7. James Wood's “Enigma Variations,” August 24, 2020 (“A sparse realism scars the pages—Leonard, abandonment, the phone call, a North Dakota hospital”).

 8. Leo Robson's “The Art of the Unruly,” July 6 & 13, 2020 ("As she invokes a world of pounding hearts and thumping ears and watering mouths, she exhibits a refreshing freedom from embarrassment, an indifference to the concept of overkill").

9. Peter Schjeldahl’s “Target Practice,” February 17 & 24, 2020 (“He sneaks whispery formal nuances into works whose predominant effect may be as subtle as that of a steel garbage can being kicked downstairs”).

10. Dan Chiasson’s “A Trick of the Senses,” January 20, 2020 (“This is the core feature of Hass’s work, in my view: an Etch A Sketch method that allows the surface of the completed poem to be erased and revised, with traces of previous attempts, along with gaps for when the lightning strikes”).

Thursday, October 8, 2020

September 21, 2020 Issue

My favorite piece in this week’s issue is Julian Lucas’s “Death Sentences,” a review of Hervé Guibert’s writings on his battle with AIDS. Two passages in particular stand out:

1. Forget Susan Sontag’s dictum that diseases shouldn’t have meanings. Guibert inhabited AIDS as though it were a darkroom or an astronomical observatory, a means for deciphering the patterns in life’s dying light.

2. Perhaps it’s this mischievous affirmation of life’s mess and sensuality, even in the face of death, that will define Guibert’s contribution to the literature of illness. Rejecting its taboos, he scaled AIDS’ very long flight of steps and fearlessly recorded what he saw on the climb.

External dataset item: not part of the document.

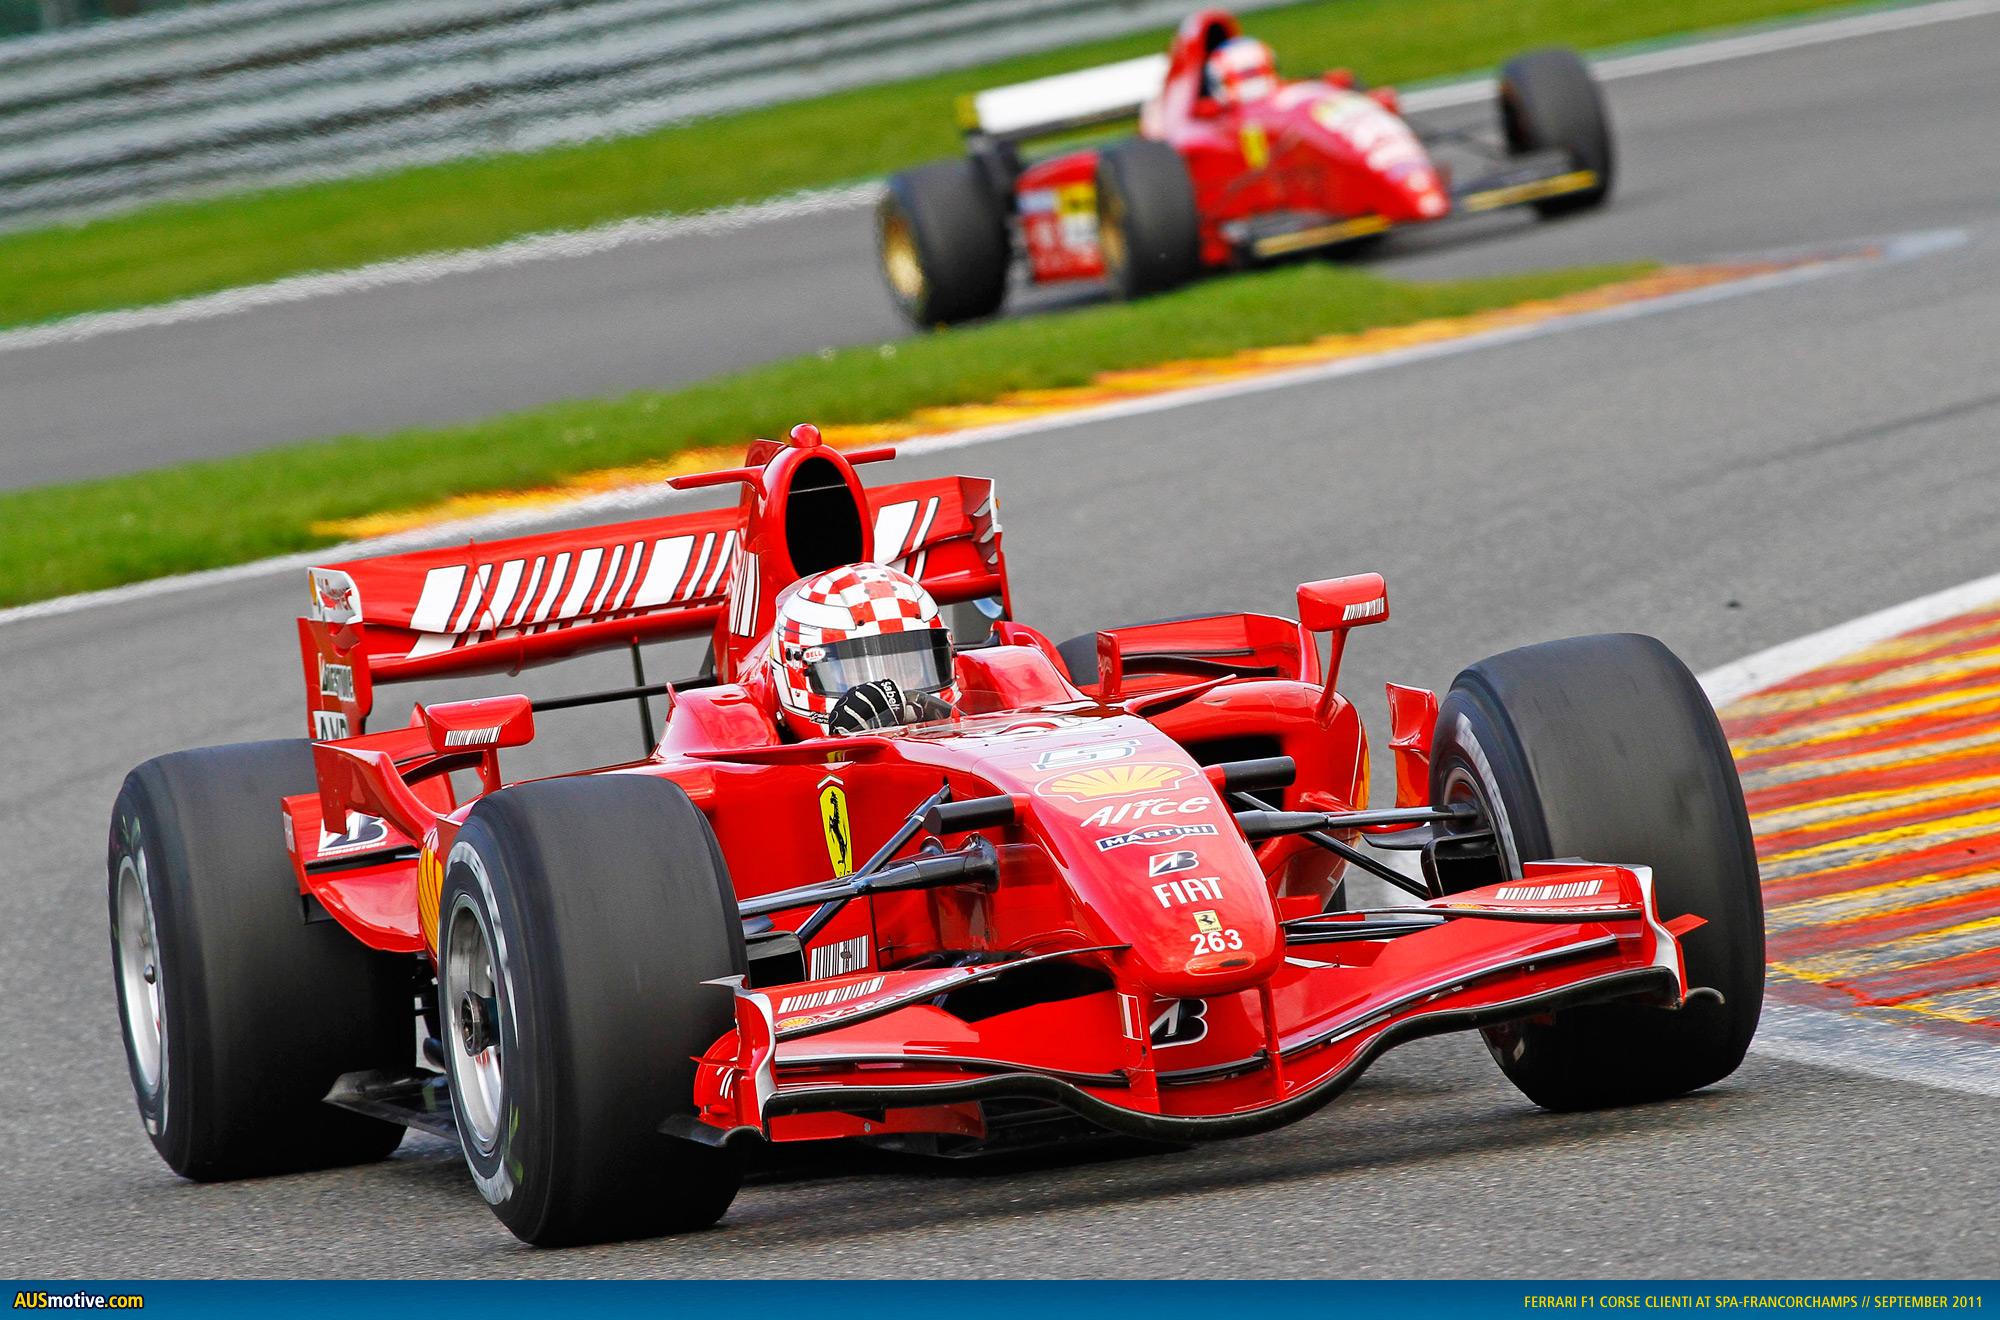 F1: AUSmotive.com » Ferrari 599XX And Historic F1 Cars At Spa

That last line is inspired!

Postscript: Another excellent essay on Guilbert is Wayne Koestenbaum’s “The Pleasure of the Text” (Bookforum, June/July/August, 2014; retitled “On Futility, Holes, and Hervé Guibert,” in Koestenbaum’s recent Figuring It Out). Koestenbaum says,

Futility and botched execution are the immortal matter of Guibert’s method. Futility and botched execution—combined, in Guibert’s work, with finesse, concision, and a heavy dose of negative capability, which includes curiosity about the worst things that can befall a body—are undying aesthetic and spiritual values, worth cherishing in any literature we dare to call our own.